What Are the Symptoms of Central Sleep Apnea?
The main symptom of central sleep apnea is temporary stoppages of breathing while asleep. Although snoring is a very strong symptom of obstructive sleep apnea, snoring is usually not found with central sleep apnea.
Symptoms may also include:
- Being very tired during the day
- Waking up often during the night
- Going to the bathroom often during the night
- Having headaches in the early morning
- Poor memory and difficulty concentrating
- Mood problems
How Is Central Sleep Apnea Diagnosed?
If you have any of these symptoms of central sleep apnea, or if a family member or bed partner notices that you stop breathing while sleeping, you should talk to your doctor or health care provider.

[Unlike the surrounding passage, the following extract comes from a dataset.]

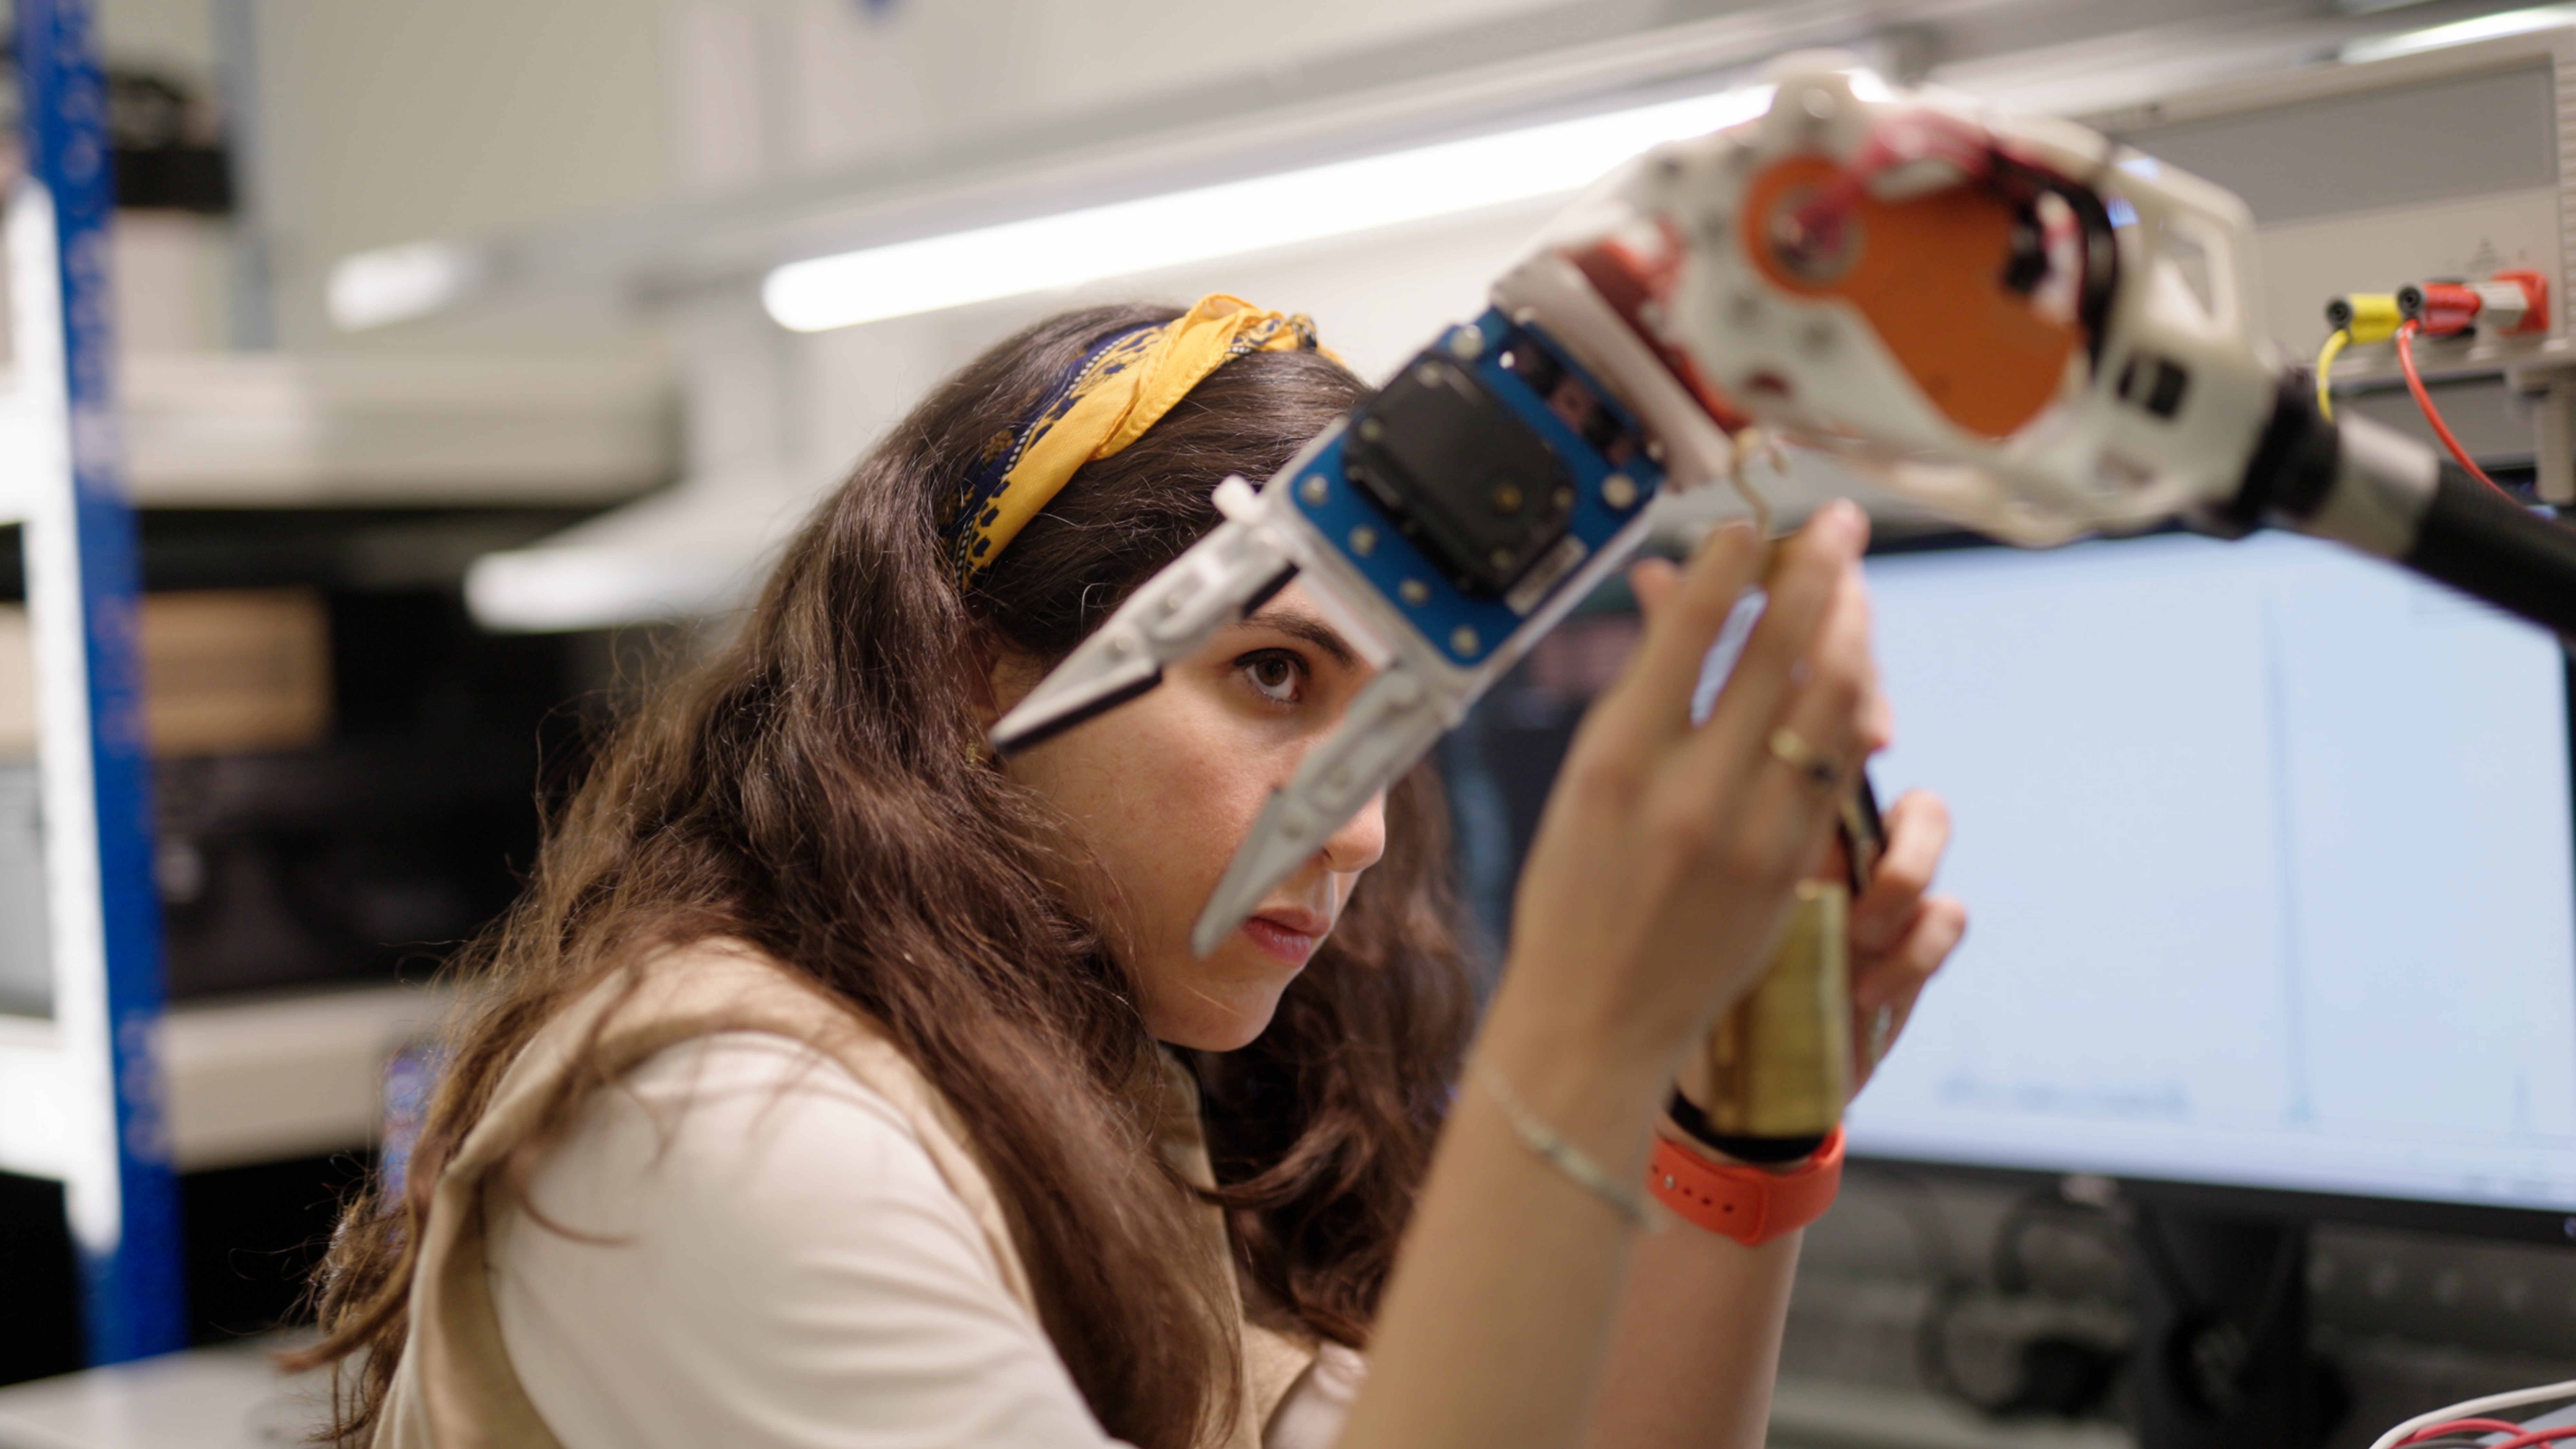 foto Dyson dezvaluie noi informatii prototipuri de roboti uz casnic

If your doctor suspects you have central sleep apnea , he is likely to perform a physical exam, take a medical history, and recommend a sleep history. The next step will likely be an overnight sleep study called a polysomnogram. This test is performed in a sleep lab under the direct supervision of a trained technologist. During the test, the following body functions may be monitored:
- Electrical activity of the brain
- Eye movements
- Muscle activity
- Heart rate
- Breathing patterns
- Air flow
- Blood oxygen levels
After the study is completed, the technologist will tally the number of times that breathing is impaired during sleep and then grade the severity of sleep apnea. In some cases, a multiple sleep latency test is performed on the day after the overnight test to measure how quickly you fall asleep. In this test, patients are given several opportunities to fall asleep during the course of a day when they normally would be awake.
How Is Central Sleep Apnea Treated?
If central sleep apnea is associated with some other condition, such as congestive heart failure, that condition is treated, if possible.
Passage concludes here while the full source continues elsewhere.